Background: Increased airway smooth muscle bulk is a pathological feature of asthma. Asthma is well controlled by the combined inhalation of glucocorticoids and beta2-adrenoceptor agonists. The basic molecular mechanism of the interaction of the two drugs on proliferation of airway smooth muscle cells is yet to be identified. Our aim was to elucidate how glucocorticoids and beta2 agonists affect the growth of human bronchial airway smooth muscle cells.

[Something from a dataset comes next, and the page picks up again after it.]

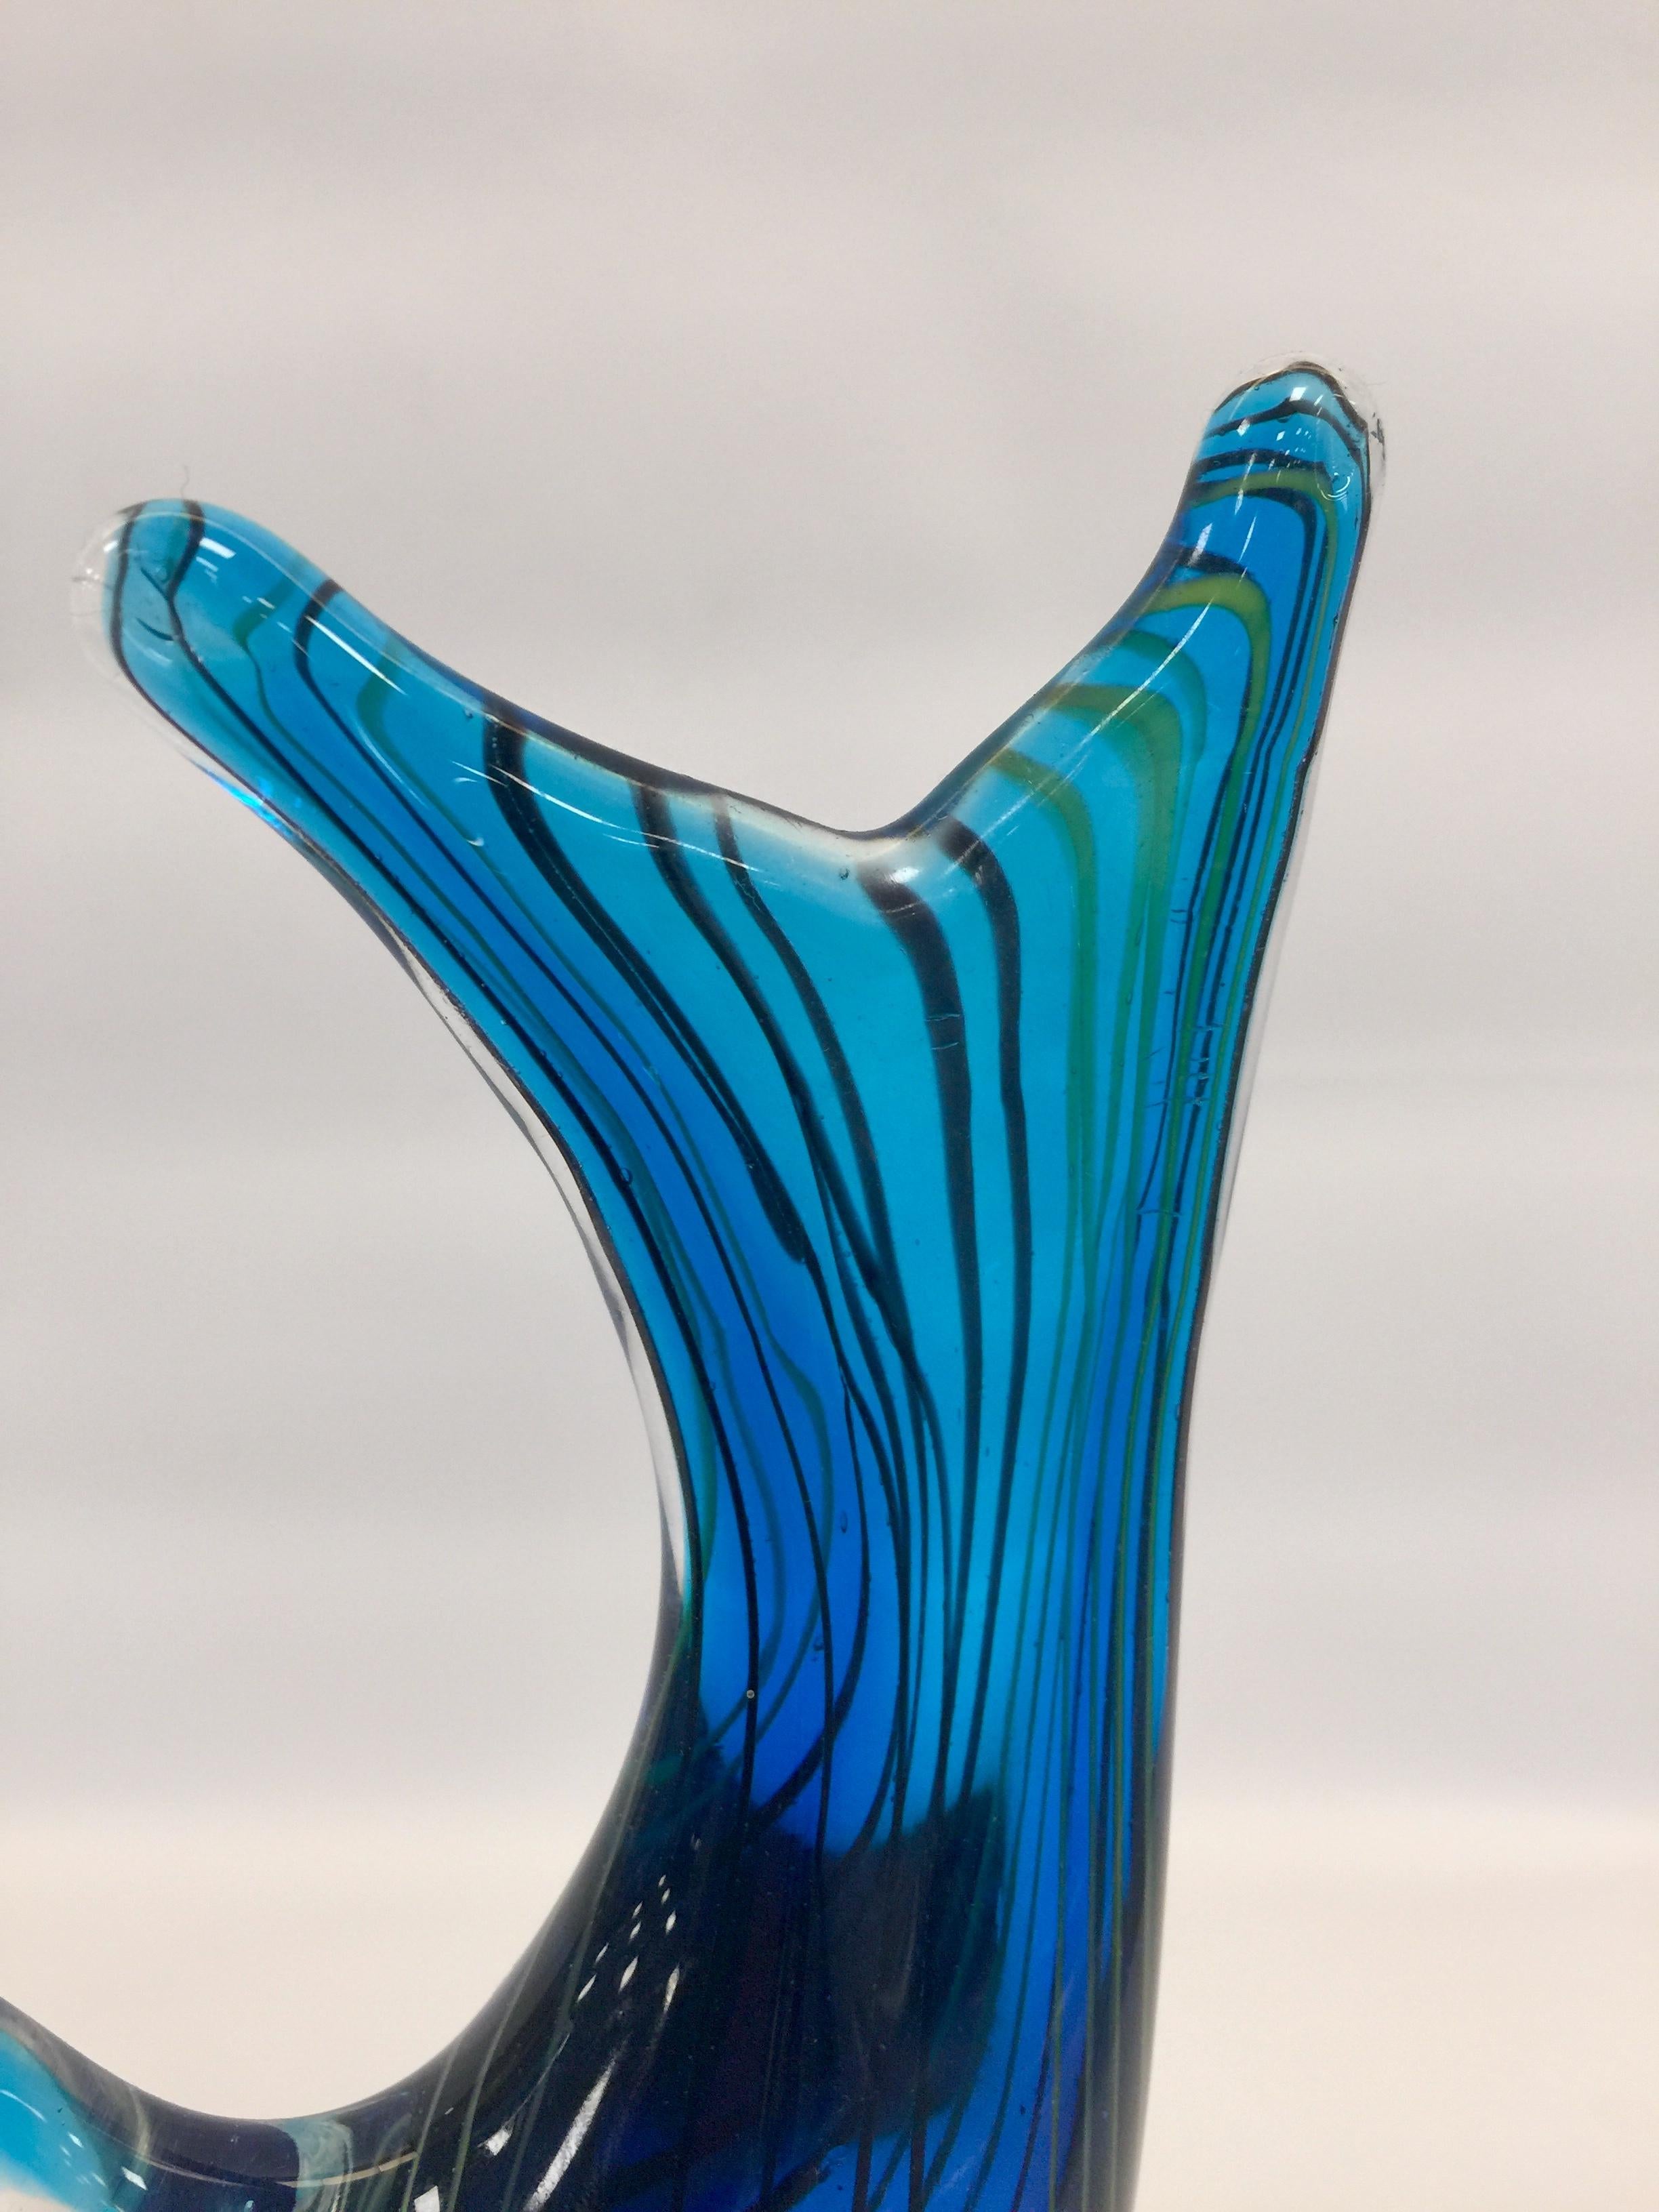 Appliqué Albarelli 1950 Multi-Color Fish in Murano Glass with Filigree For Sale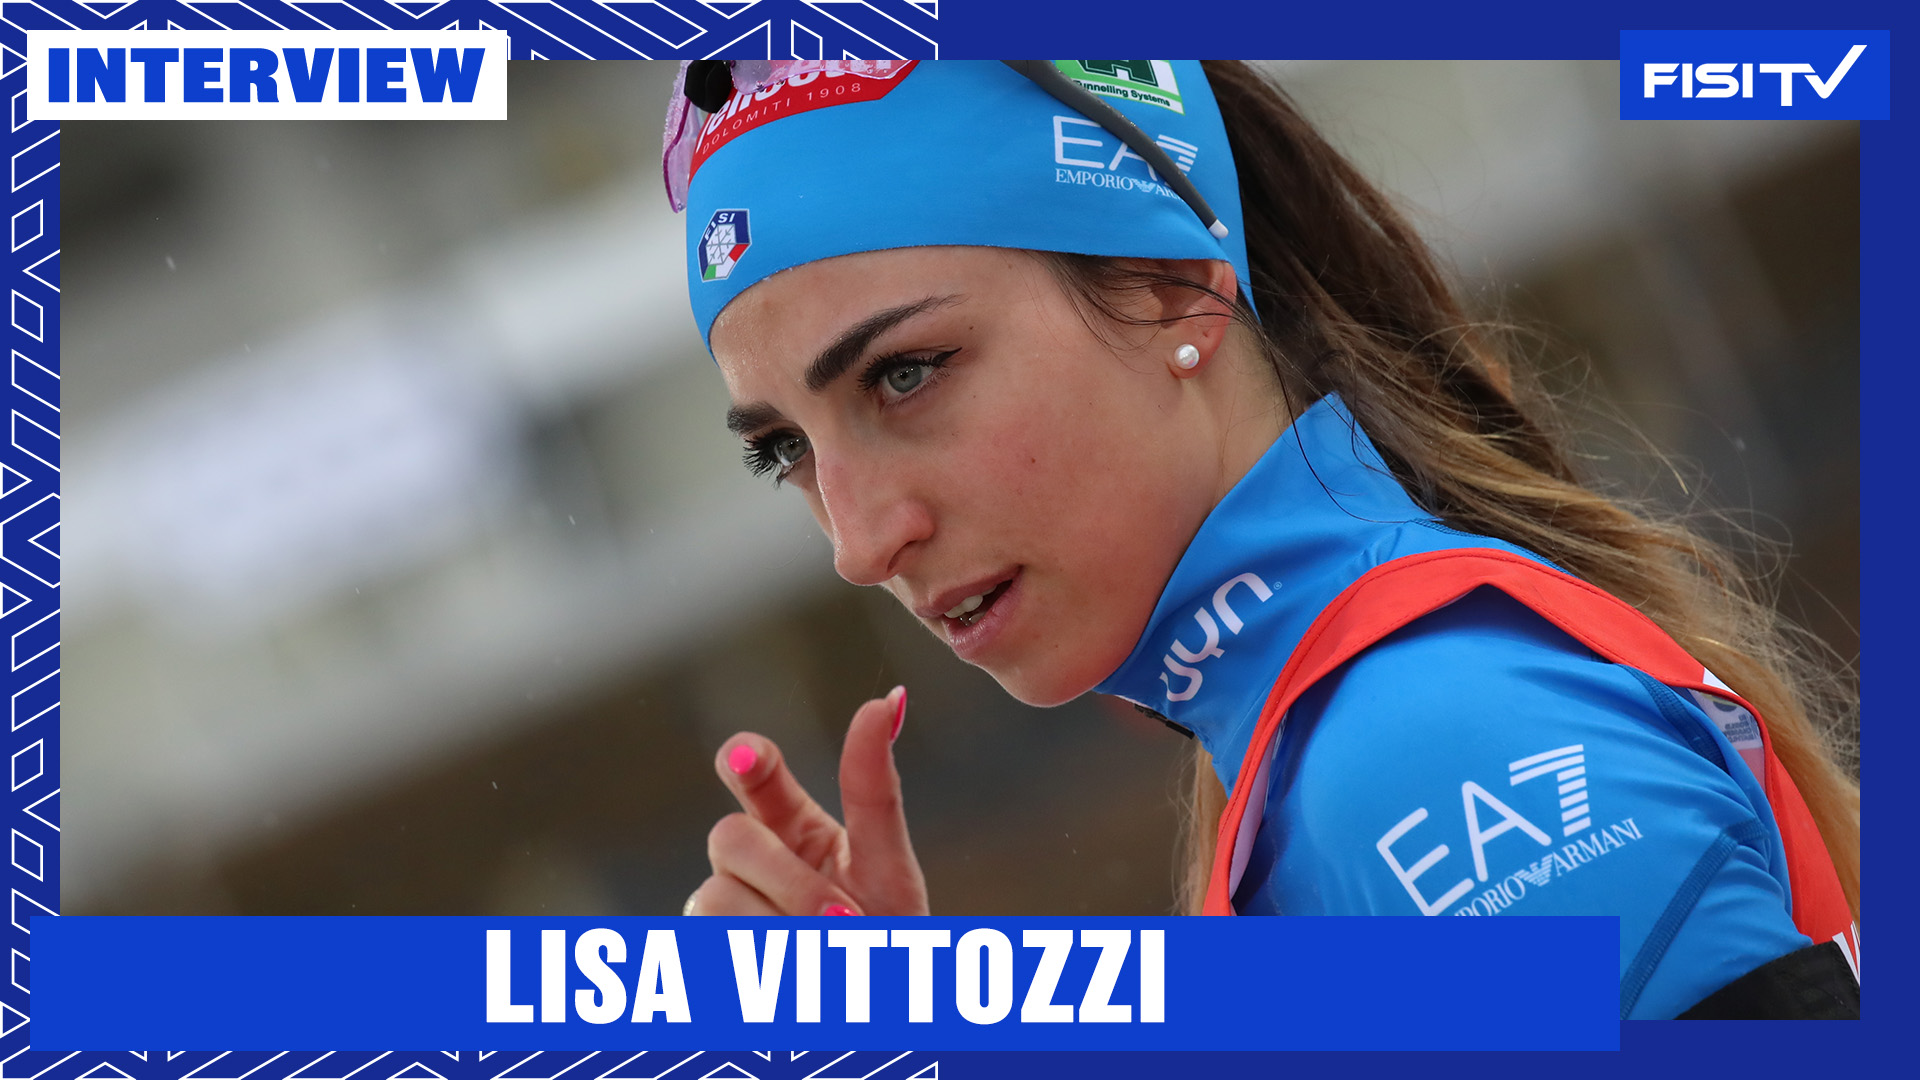 Lisa Vittozzi | “Questa coppa rappresenta tutto il mio percorso” | FISI TV

Methods: We assessed the effect of formoterol and budesonide on the activation and function of transcription factors by immunohistochemistry, western blotting, DNA mobility shift assay, and a luciferase reporter gene assay. The effect of the drugs and the involvement of specific transcription factors on cell proliferation was ascertained by direct cell count and confirmed by thymidine incorporation.
Findings: Both classes of drugs (10(-8) mol/L) activated C/EBP-alpha and the glucocorticoid receptor with different kinetic profiles, and inhibited proliferation. The combination of lower doses of drugs (10(-12) to 10(-9) mol/L) resulted in a synchronised activation of the transcription factors and an enhanced antiproliferative effect. The action of the drugs alone or in combination on transcription-factor activity and proliferation was suppressed by either depletion of C/EBP-alpha or in the presence of a glucocorticoid-receptor blocker.
Interpretation: Our findings could provide one explanation for the interaction of beta2 agonists and glucocorticoids at a molecular level, and indicate that the concentration of inhaled glucocorticoids can be reduced when combined with beta2 agonists, minimising the side-effects of the drugs.